Often when people speak about the need for infrastructure development in Africa, they are discussing bricks and mortar, improved physical structures such as transportation links, hospitals and schools. But creating a world in which the African continent can truly flourish and provide long term stability and growth for millions of people relies – arguably more heavily – on invisible infrastructure, the hidden strength behind those physical health centres, roads and community hubs.

Five years ago, the Ecobank Foundation collaborated with the Charities Aid Foundation to design a strategy that would help us become the ‘go-to’ partner in Africa in development of improved access to health and education, along with financial inclusion. It has been a rewarding journey.

With a financial institution as our foundation, we needed to explore how we could best deliver on what was, without doubt, an ambitious goal. We wanted to leverage what we already knew how to do in order to deliver the Foundation’s mission to achieve social change, while also helping to battle life-threatening diseases such as Human Immunodeficiency Virus, tuberculosis and malaria.

We have also been guided by CAF’s more recent in-depth research into growing giving in four countries in Africa – Tanzania, Kenya, Uganda, and South Africa. Aiming to capture the size and scope of giving among these countries’ respective emerging middle classes, the reports examined not just individual giving, but also the enabling environment. Recommendations included supporting the development of the invisible infrastructure, which supports civil society. Among them was promoting new ways of safe and secure giving to develop the potential for mass engagement and individual giving.

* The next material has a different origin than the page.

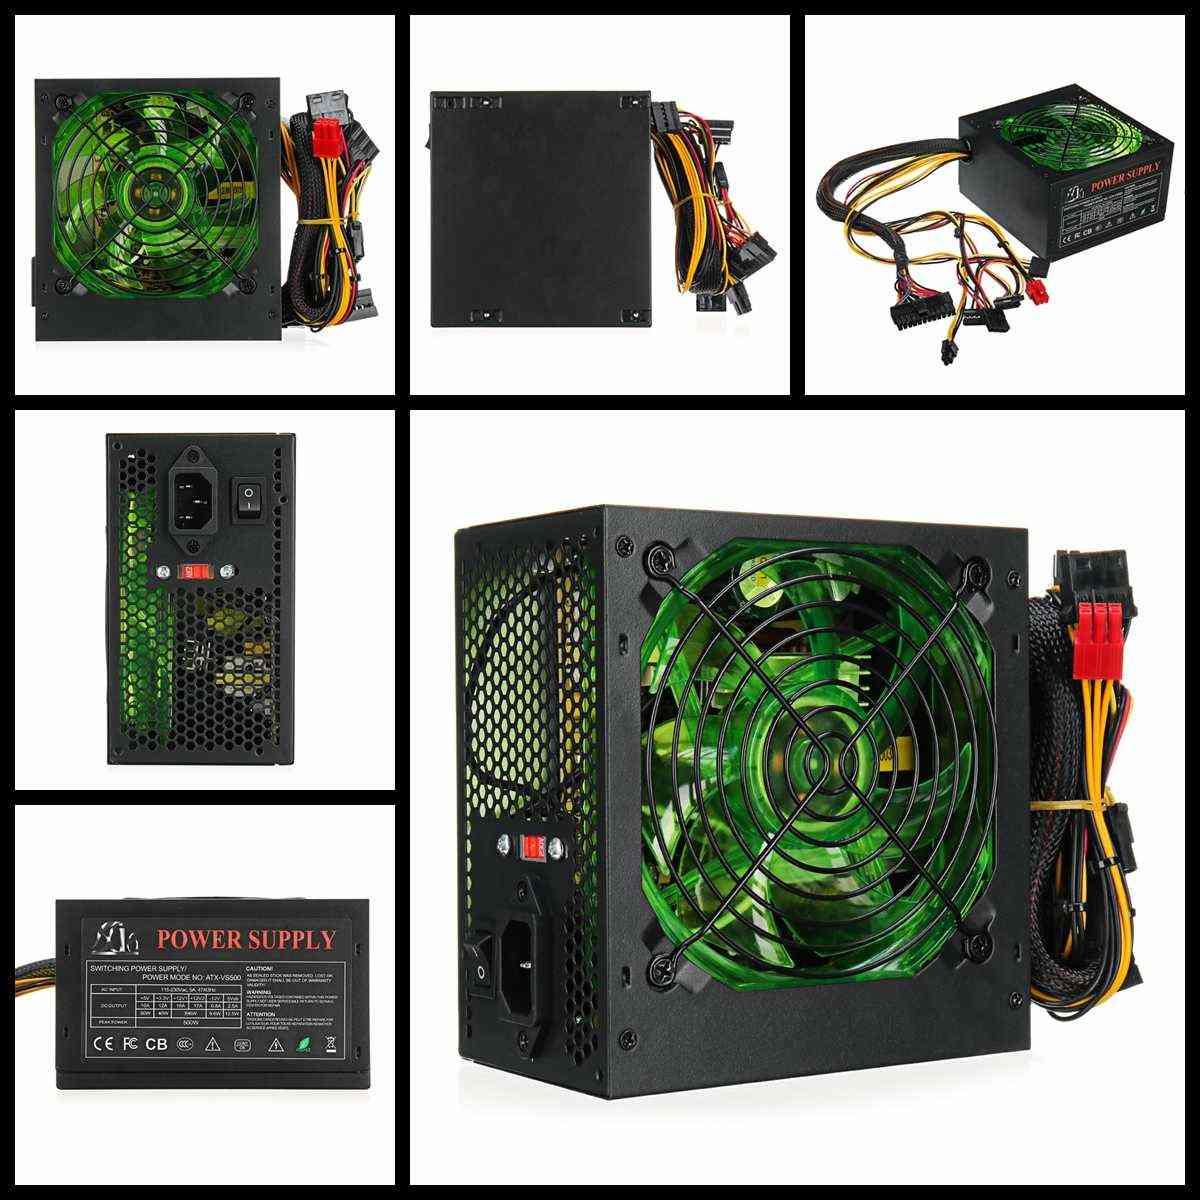 500w Pc Power Supply, 120mm Led Fan 24 Pin Pci Sata Atx 12v ,110220v For Desktop Gaming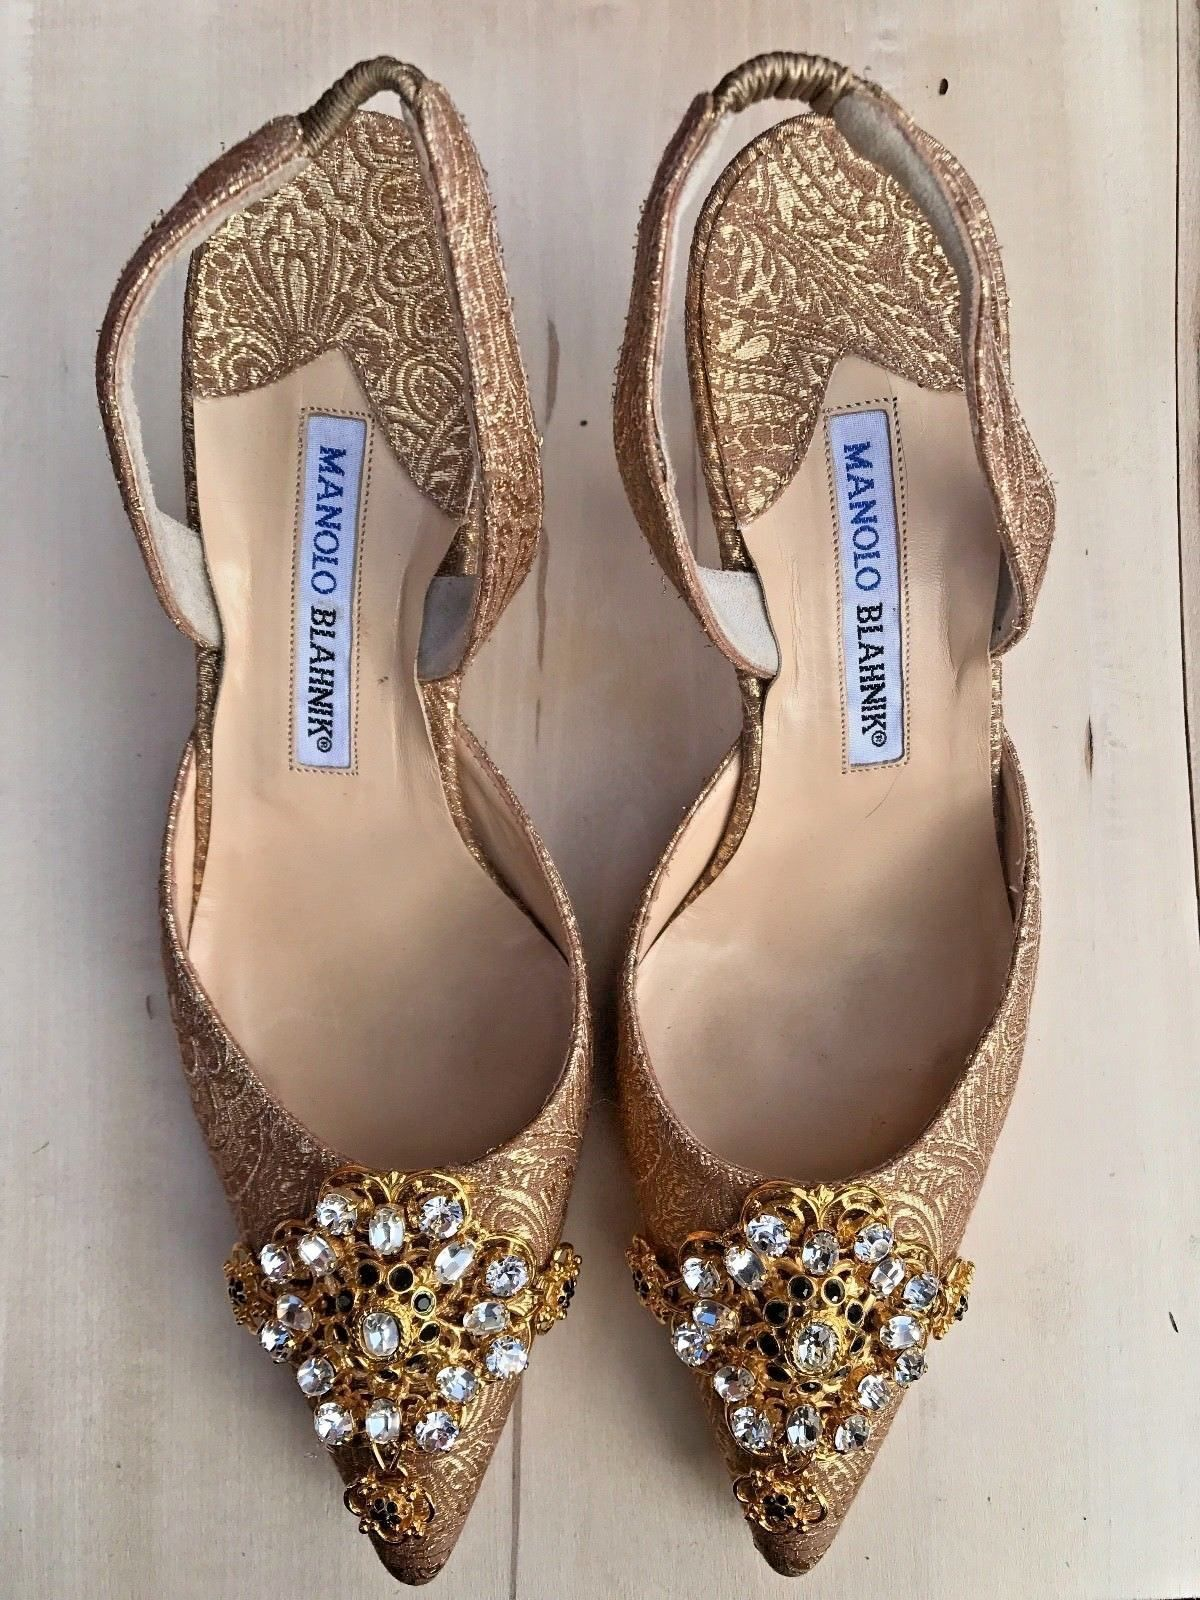 Manolo Blahnik 37 Exclusively Neiman Marcus Gold Jeweled Evening Shoes 745 Manolo Blahnik Heels Manolo Blahnik Heels

For the Ecobank Foundation, the need for secure giving translated into using the access given by the Ecobank Mobile App to reach potential donors, be they local or part of the African diaspora, and help them to give across Africa. It meant engaging with our staff to test dedicated fundraising appeals such as World Malaria Day and was used successfully to raise fund for the victims of Cyclone Idai in March 2019 and other initiatives that build on the giving culture of Ubuntu.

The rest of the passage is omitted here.